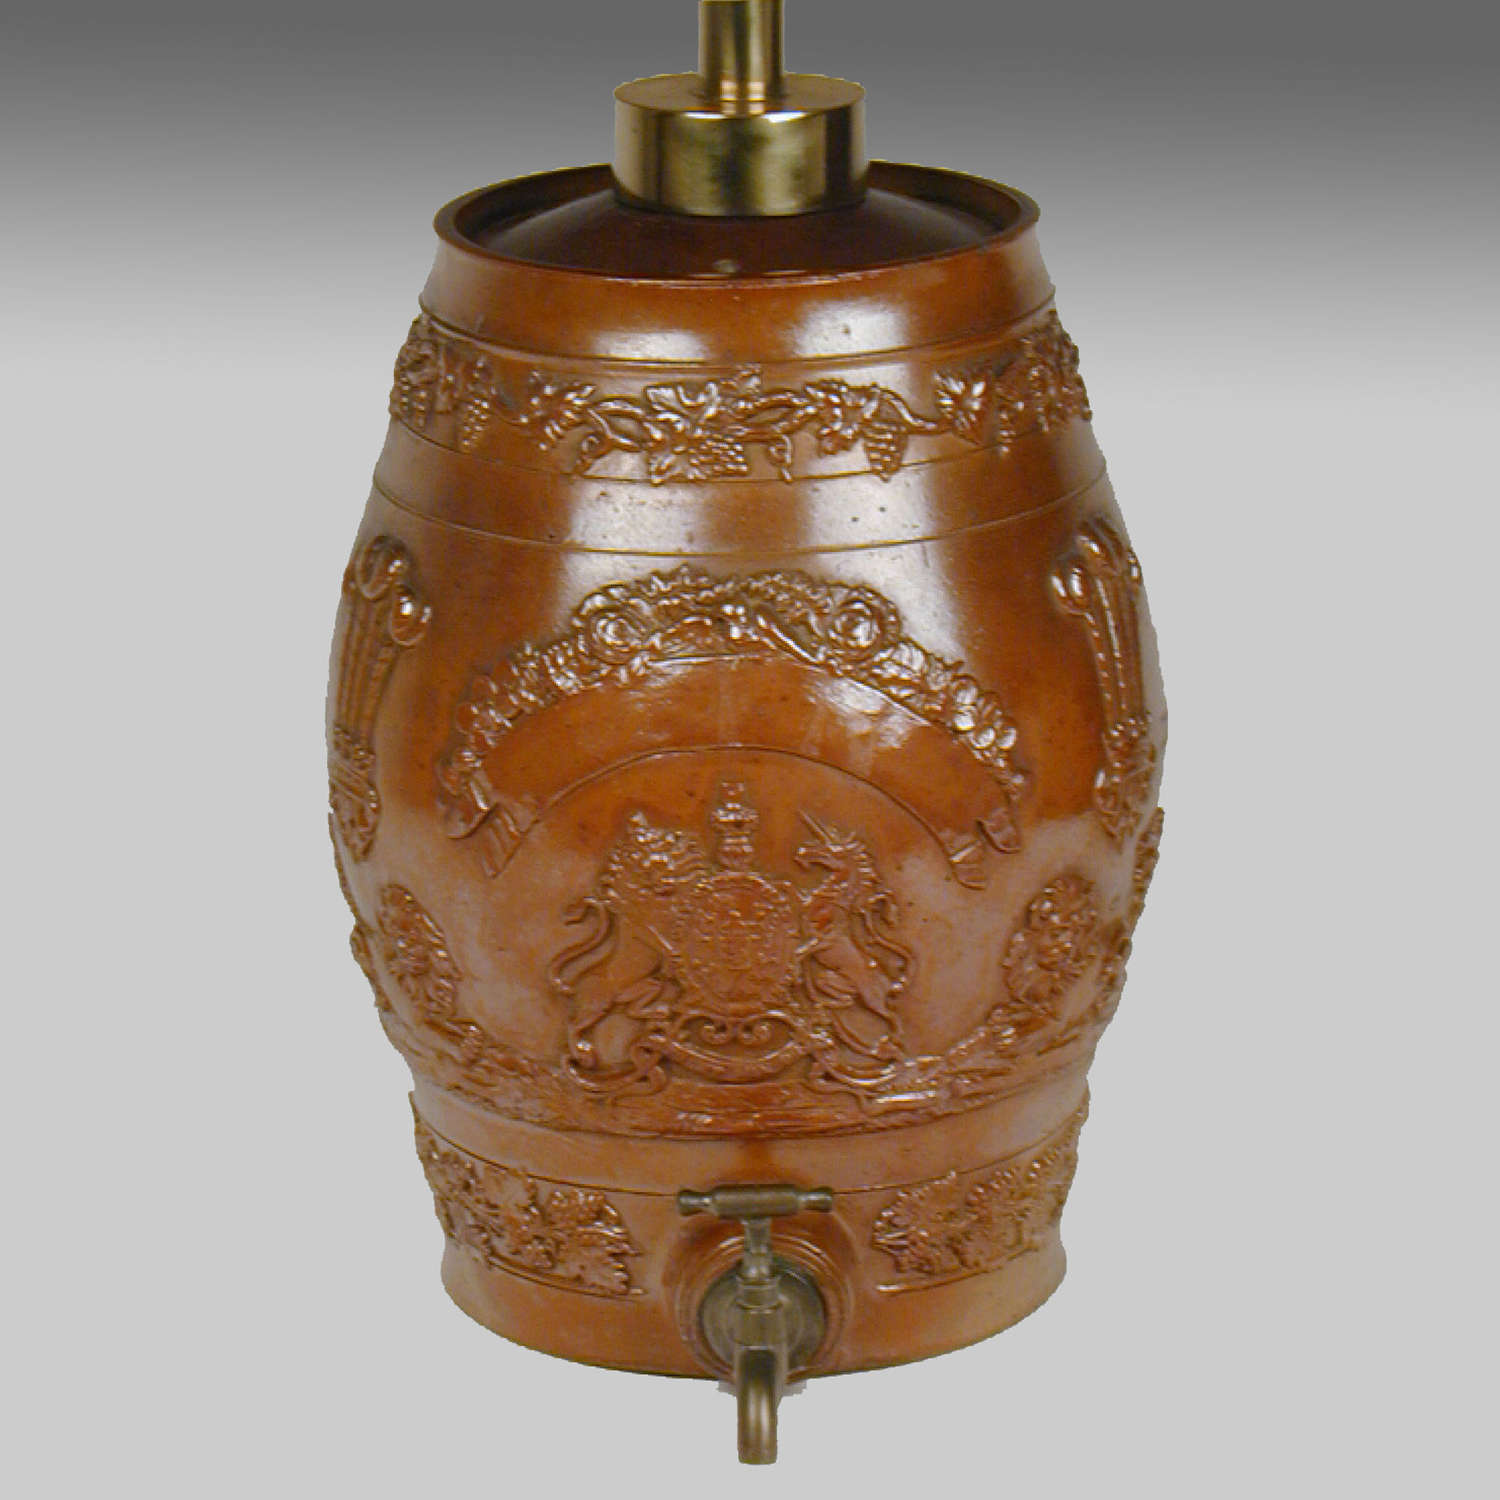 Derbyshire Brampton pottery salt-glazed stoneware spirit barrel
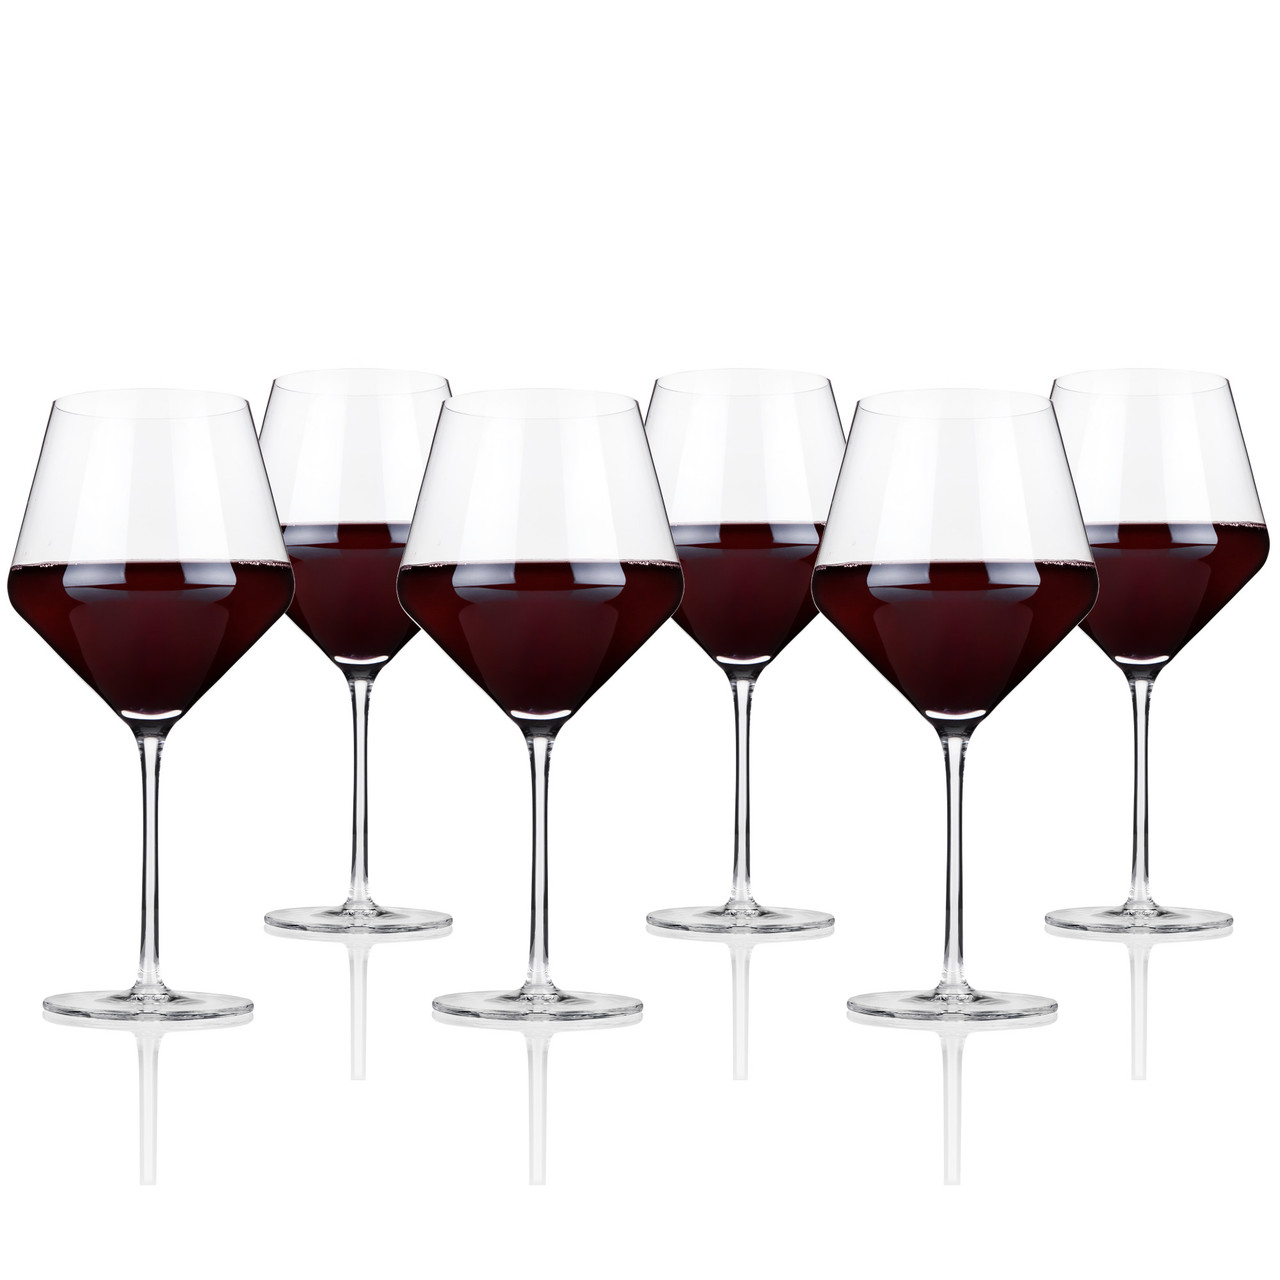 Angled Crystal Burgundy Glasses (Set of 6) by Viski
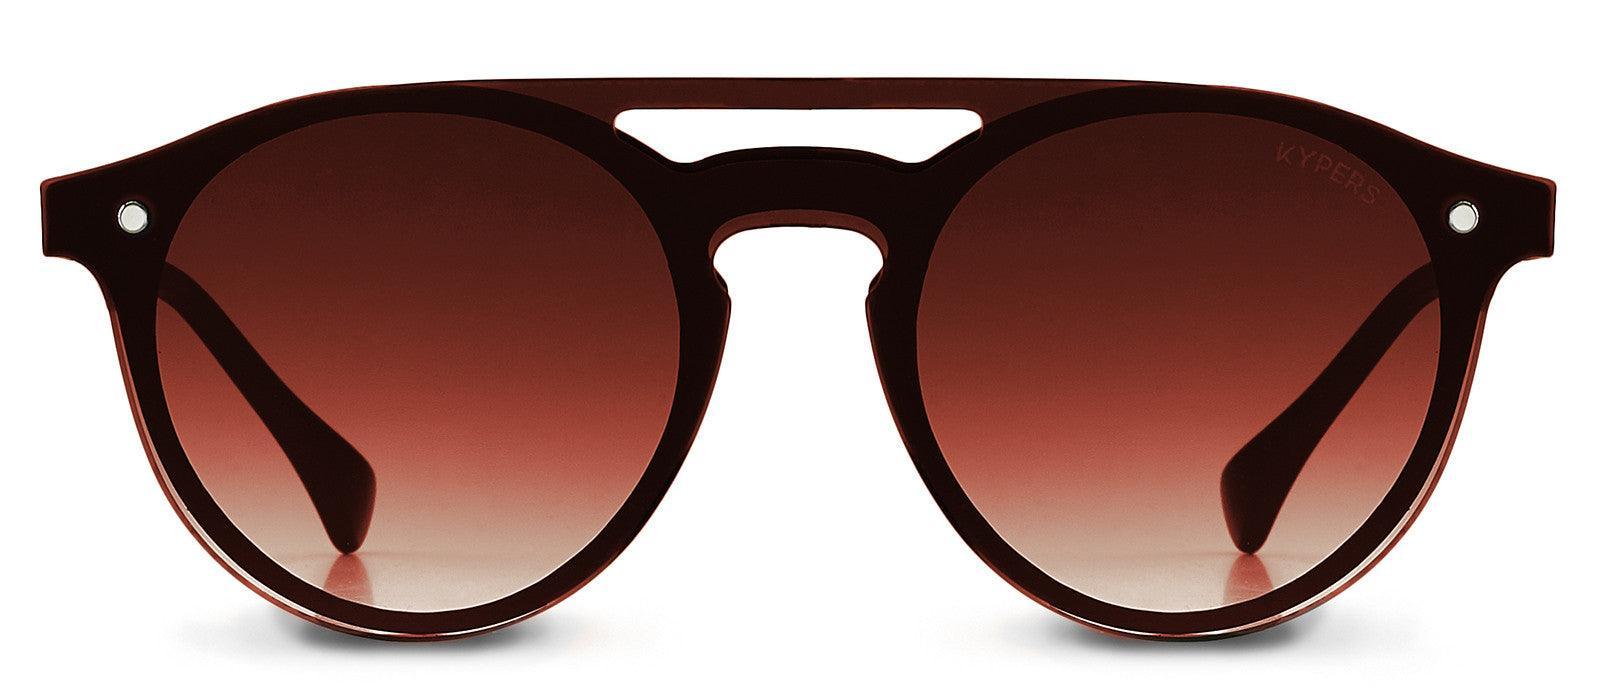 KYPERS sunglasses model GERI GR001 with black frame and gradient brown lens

**Work request**
Copy everything in the listing above exactly except the pictures.

**Solved exercise**
 Derbyshire Brampton pottery salt-glazed stoneware spirit barrel
 Angled Crystal Burgundy Glasses (Set of 6) by Viski
 KYPERS sunglasses model GERI GR001 with black frame and gradient brown lens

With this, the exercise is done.